As an incantation spilled from her red lips, too quiet for an ordinary person to hear, the liquid in the cauldron busily changed color and bubbled up—blub blub blub. Something appeared to be forming inside.
The woman inspected it and then held her right hand, fingers together, just above the surface of the liquid.
A brown lump about the size of a walnut rose up from the cauldron with a faint splash. Without hesitation, the woman took a small pot from the shelf to her left and scooped up the lump from where it floated in mid-air.
“Hmm…I suppose this should do for now.
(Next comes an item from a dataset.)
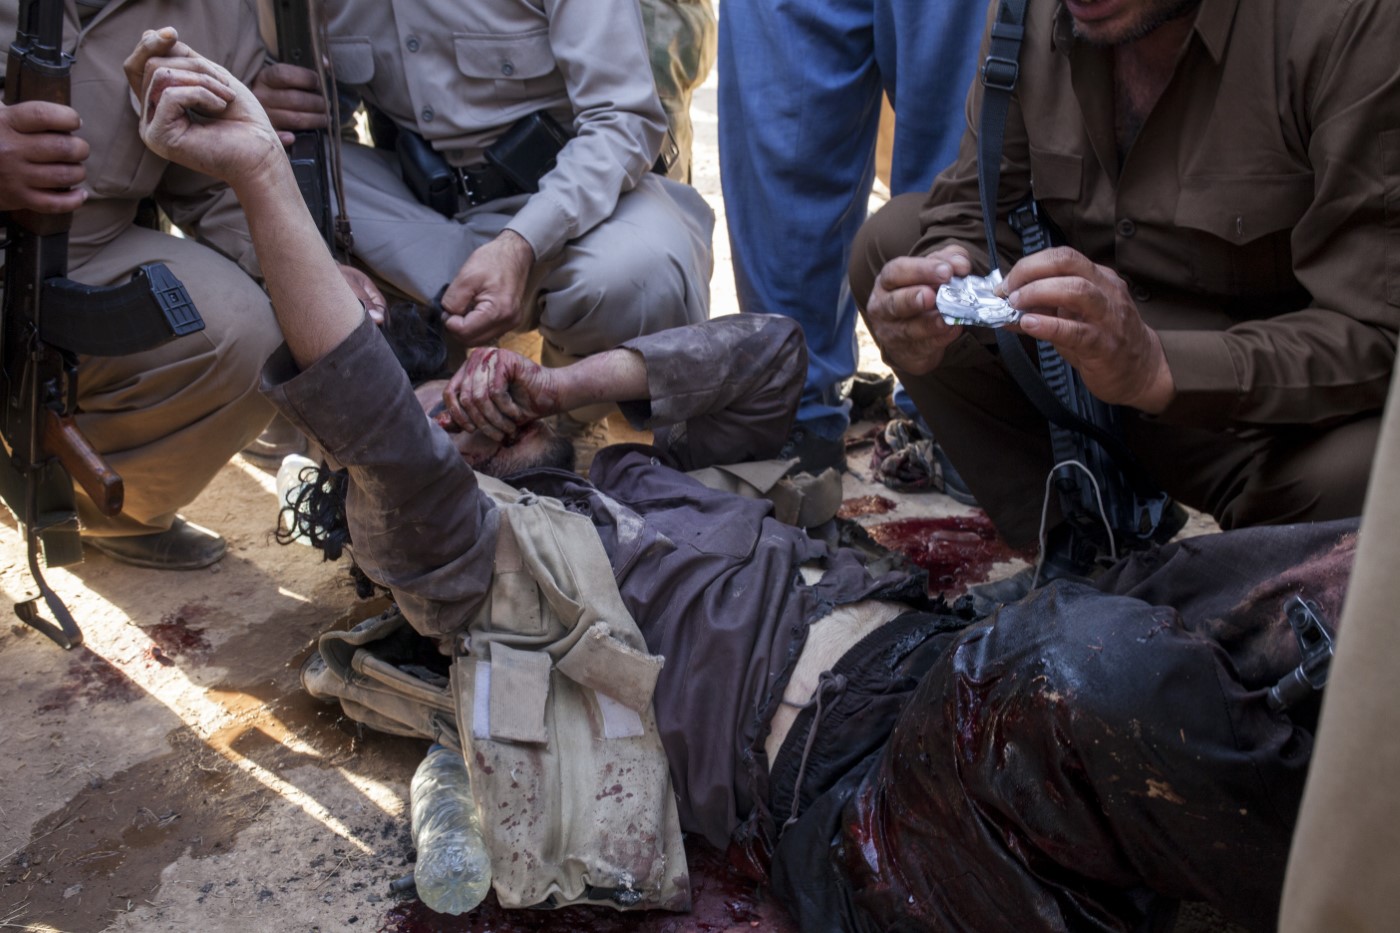 Peshmergas troben estupefaents dins d’una de les butxaques d'un dels membres de l'Estat Islàmic infiltrat a la línia de front de Tuzkhurmatu i abatut per les milícies kurdes minuts abans. Tuzkhurmatu, Kurdistan, Iraq. 20 de juny de 2017

I’ll have to make a few more and test them.”
The woman breathed a sigh of relief as she covered the pot.
Then she looked back over her shoulder.
“Don’t just stand there peeping—if you’re going to come in, come in, Vivian.”
The door to the room clunked and then, after a moment, slowly opened.
A young woman with an awkward expression on her face appeared in the doorway. “Please excuse me. I brought that thing you asked me for.”
“I appreciate it. Put it over there.”
The woman called Vivian put the basket she was holding down on the table.
The other, beautiful woman inspected it, then turned back to the cauldron.
Vivian glared at her back with jealousy and envy in her eyes, but the woman did not turn around again.
1
A lone female figure walked down the pitch-black passage, holding aloft a small lantern.
The narrow passage was barely wide enough to fit two people walking side by side.
Judging by the bare rock walls and floor, it was a cave of sorts that had been dug into the ground.
The woman’s face was hidden behind an oddly shaped mask, and she held a long staff in her left hand. A giant ornament shaped like a human left hand was affixed to the tip. No, but the nails were sharpened to a point, so perhaps it was the hand not of a human, but of a monster.
As the woman walked, the passage gradually widened, until it suddenly opened out into a spacious cavern.
The frail light that she held was not strong enough to illuminate the recesses. The far edge and ceiling stayed lurking in darkness.
But she could clearly sense the presence of something alive in the room.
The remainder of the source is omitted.